Public interest groups are planning an expanded push to raise questions about the possible nomination of Tom Wheeler as the next chairman of the FCC, interest group sources confirmed Tuesday. The groups will cite concerns about Wheeler’s ties to industry given his record as president of both CTIA and NCTA (CD March 26 p1).
House Commerce Committee members said they plan a hearing to examine the FCC’s Lifeline program on April 25, according to a letter sent Tuesday. The letter, sent to FCC Chairman Julius Genachowski, asked whether the USF program should be frozen until additional reforms can be implemented to reduce waste and abuse in the program. The letter also asked whether the FCC should reconsider providing waivers for carriers to receive funding “even if they deploy no facilities of their own,” and if the Lifeline program should be put on a budget or capped. The letter was signed by Commerce Committee Chairman Fred Upton, R-Mich.; Communications Subcommittee Chairman Greg Walden, R-Ore.; Joe Barton, R-Texas; Bob Latta, R-Ohio; Marsha Blackburn, R-Tenn.; and Tim Murphy, R-Pa. Witnesses for the hearing were not announced.

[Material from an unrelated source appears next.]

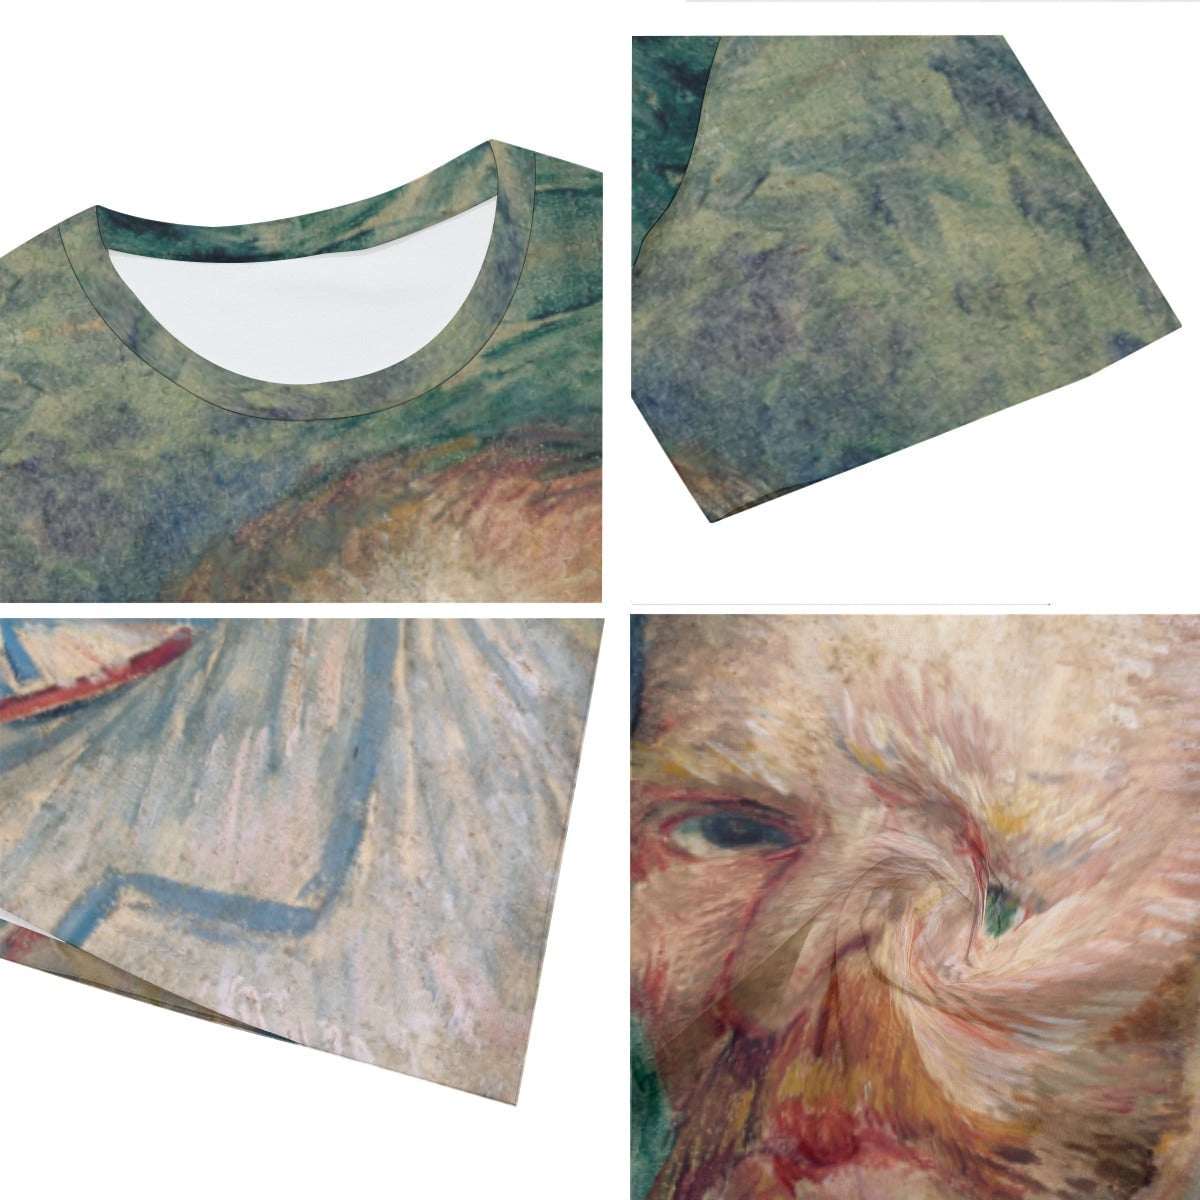 Vincent van Gogh’s Self-Portrait 1889 T-Shirt

Like President Calvin Coolidge, the next chairman of the FCC should “more highly value restraint over regulatory action,” former Commissioner Deborah Taylor Tate said in a Free State Foundation piece Tuesday (http://bit.ly/ZVfswC). Tate said the commission should “return to a time when individual commissioners could bring an item before the body for a vote in order to eliminate outdated or unnecessary regulations or rules more efficiently.” She applauded Commissioner Ajit Pai for proposing internal shot clocks and a “dashboard” to give the agency more transparency (CD Feb 22 p6). The FCC should show regulatory restraint in the still-pending Title II proceeding, the addition of extraneous “voluntary conditions” to mergers, and the imposition of overly restrictive rules for spectrum auctions, Tate said. The Title II proceeding looked at reclassifying broadband as a Title II common carrier service, which could subject it to more FCC regulations. “The FCC should be doing everything possible to enable innovation, entrepreneurship, investment, and job creation by removing unnecessary regulatory barriers and refraining from instituting new obstructions to this impressive progress,” she said. “The FCC should remember that every action -- every regulation -- has a cost, which is usually passed on to the consumer."